(Courtesy: Dr. Thomas A. Marks)(Originally published in "India and Global Affairs [New Delhi], Apr-Jun 09," re-posted here with the Author's consent).Dr. Thomas A. Marks is a political risk consultant based in Honolulu, Hawaii, who has authored a number of benchmark works on Maoist insurgency, to include his recent Maoist People’s War in Post-Vietnam Asia.
Maoist insurgency is back. People’s war, once thought to have ended with the Cold War, is alive and well in South Asia. Large parts of India are effectively “no-go” areas. Bangladeshi officers cite Maoism as a greater threat than violent radical Islamists. Sri Lanka, having twice decimated the Maoist JVP at considerable human cost, now has them in the ruling coalition, where their often-bizarre positions are a faithful replication of India’s own legal Maoist spectrum. And to the north, what was the world’s only official Hindu kingdom finds itself now ruled by a party which yet begins its meetings before pictures of Marx, Engels, Lenin, Stalin, and Mao (Nepalis all, cynics note).
Ironically, New Delhi can look to its own intervention for the Maoist victory in Nepal. It was South Bloc which gave heed to the legal left and, in return for the swing votes which allowed Congress to cling to power, effectively ceded control of Nepali policy to the Indian Marxists. The shift brought on by Marxist opposition to the nuclear pact with the US came too late to save Kathmandu, and the country is now a failed state, posing a far greater security threat than ever it did when it was convulsed by war.

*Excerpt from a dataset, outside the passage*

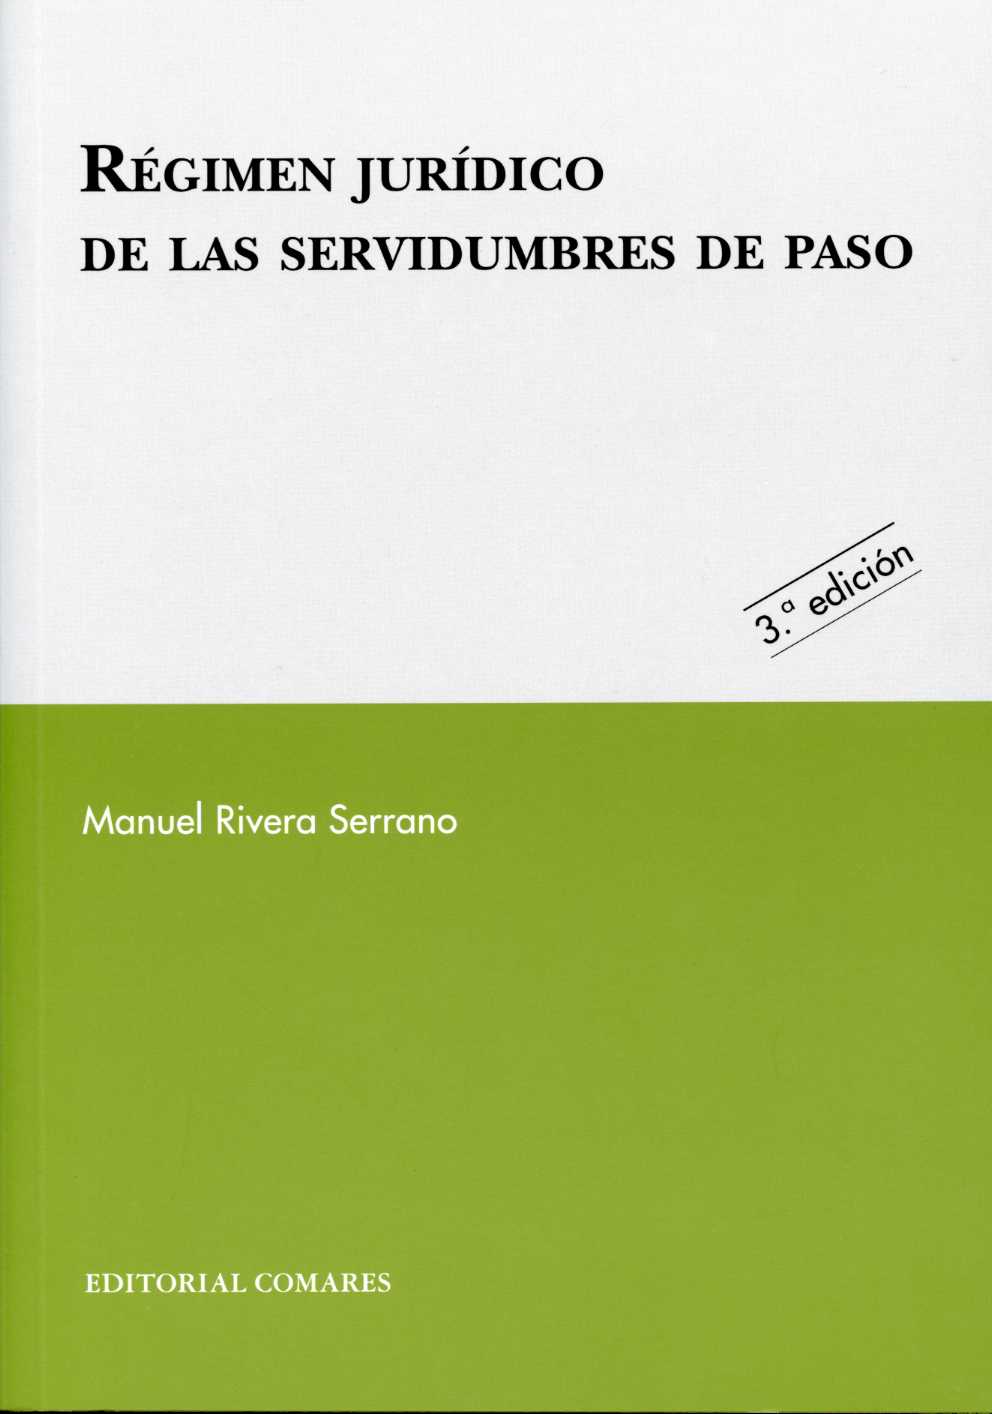 Régimen Jurídico de las Servidumbres de Paso 2009. -0

Ironically, too, Maoist growth in the Subcontinent continues even as the last real threat elsewhere, the Revolutionary Armed Forces of Colombia (FARC), has been decimated and driven into a survival posture. Marxist but not Maoist, FARC nevertheless used a potent version of people’s war as its revolutionary doctrine. Copied from a combination of FMLN (El Salvador) and Vietnamese manuals, it was only national mobilization under President Alvaro Uribe (2002-present) which reversed the tide.
Why this stunning reality in South Asia? Why now?
Brave New WorldThe answer to the first query is that South Asia has long had the perfect conditions for Maoist upheaval. To the second, that the age of globalism has exacerbated many of these conditions.
Indeed, it can be argued that the present global situation is “the perfect storm,” combining as it does elements of two past eras of carnage. The first was the profound, irrevocable upheaval of the Industrial Revolution, which gave Europe the so-called “Age of Revolution” and the first age of terrorism. The second was the economic, social, and political despair of the interim between the world wars, which produced the twin nightmares of Stalinism and Fascism and their stupefying cost to humanity.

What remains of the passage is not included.